The assassination of Clementa Pinckney and eight members of his church at Emmanuel AME Church in Charleston, S.C. two weeks ago seemed, for a fleeting, almost indiscernable second, to be a wakeup call to America to finally take the reality of violent racism seriously. The multiple murders of young, unarmed black men by police in recent years didn't do it. The acquittal or refusal to indict those police didn't do it. The many examples of day-t0-day racial disparities in the United States has failed to do it for decades. But this singular, vile, shocking act seemed to rouse even some conservatives from their dogmatic slumber of racial ignorance.
This was most clearly manifested in the widespread calls to remove the Confederate Battle Flag from places of prominence around the country, and particularly from government buildings and property, as well as some genuine conversation about the ridiculous and insulting honor that we bestow on the the Confederacy, which was, not to put to fine a point on it, an act of treason undertaken for the sake of preserving slavery.
Yet, it should not be surprising to see that this moment of clarity has begun to produce its inevitable backlash, as the forces of racism have returned to the same tactics they've been using since Reconstruction to attempt to put African Americans "back in their place." This has been seen in the rash of "pro-Confederate flag" events taking place around the country in the past week, but it has been most obvious in the series of African American church burnings that have taken place since the Charleston attacks. This has led to the emergence of the #WhoIsBurningBlackChurches hashtag on Twitter, but thus far, has not been met with a satisfactory answer.
Here is how The Root summarizes the current situation:
Since the June 17 killing of nine people at Emanuel African Methodist Episcopal Church in Charleston, S.C., six predominantly black churches in the South have burned in the past week, including one on Tuesday, causing many on social media to wonder#WhoIsBurningBlackChurches. (Fires have also hit two other churches—College Heights Baptist Church in Ohio and Fruitland Presbyterian Church in Tennessee—but neither is predominantly black.) As of right now, three fires at black churches in three states—Tennessee, Georgia and North Carolina—have been confirmed as arson. Three other church fires are under investigation.
While there are still many questions unanswered, Mark Potok of the Southern Poverty Law Center suggests that this may be a violent backlash to the renewed attention to racism in the country:
“We’re in a very intense moment in which one man has tried to start a race war,” Mark Potok, a senior fellow at the advocacy firm, told The Daily Beast. “We’re looking at the possibility of a violent backlash building.”

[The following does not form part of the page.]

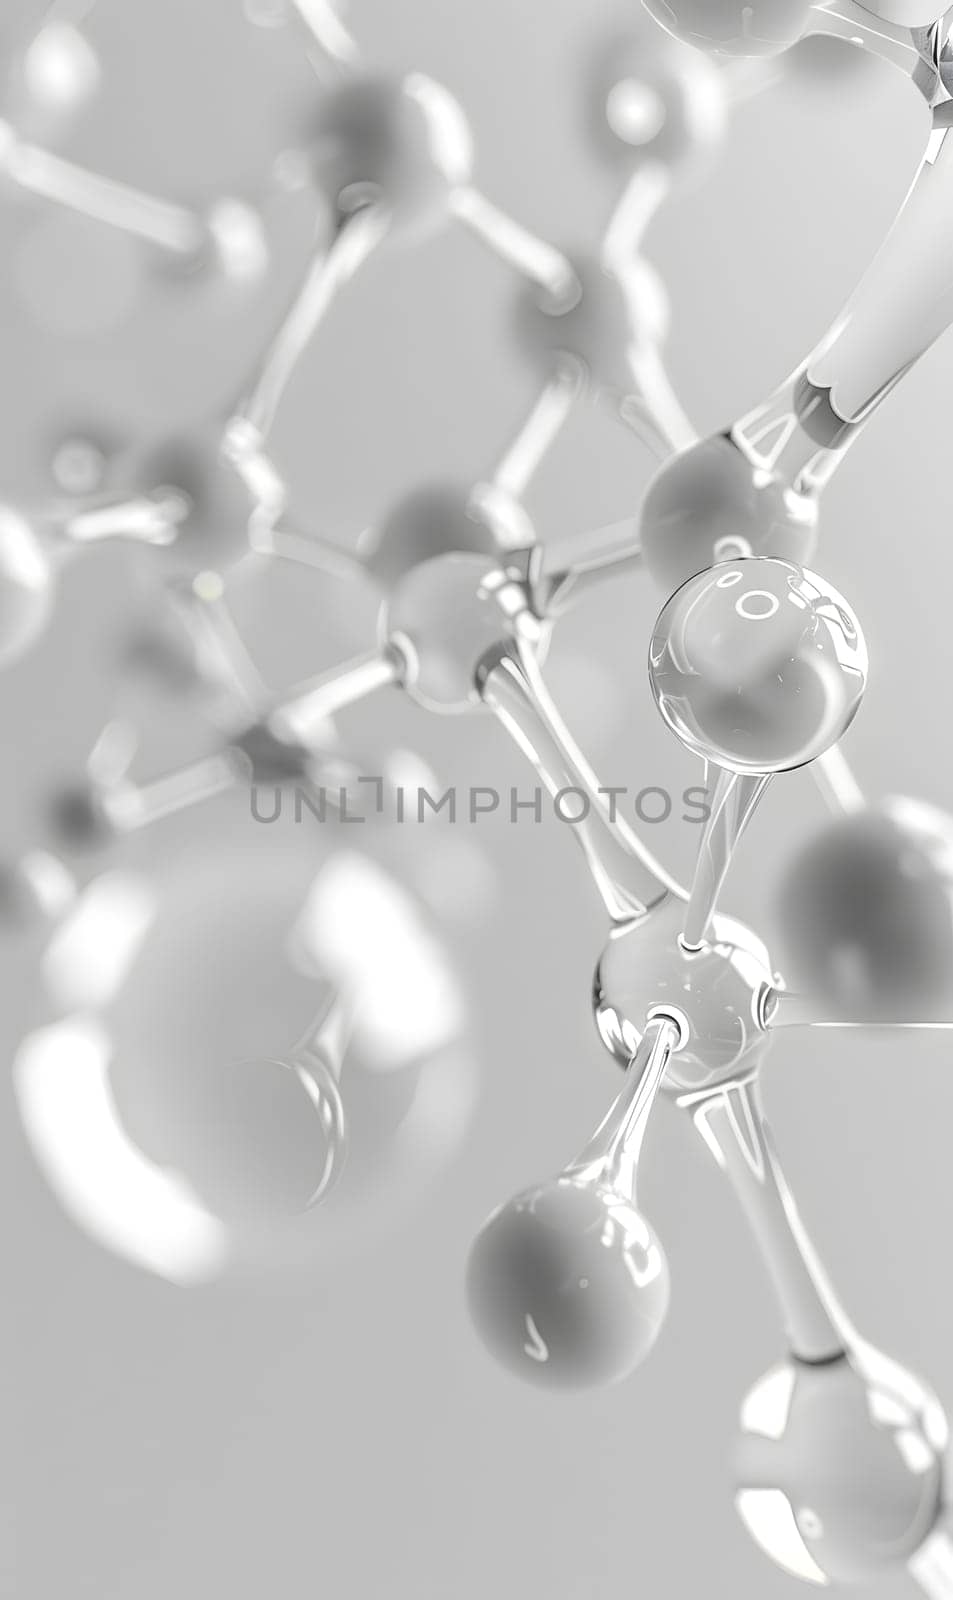 A closeup monochrome photograph of a water drop on a twig, resembling a piece of modern jewellery. The circular molecular structure stands out against the white background

“Certainly we don’t know that they were hate crimes…but it’s possible one or more of these were responses to the defeat of the Confederate battle flag or white supremacists hoping to further the race war Dylann Roof wanted to start,” Potok added.
Whatever the final outcome of these investigations turns up, this, coming on the heels of the murders at Mother Emmanuel Church, demonstrate that there is still much work that needs to be done to heal the wounds of racism in this country. But this will only be possible if we face the reality of it squarely and honestly, and refuse to give aid and comfort to those who want to preserve either the symbols or the social conditions that have emerged from and continue to contribute to racial hatred in the United States.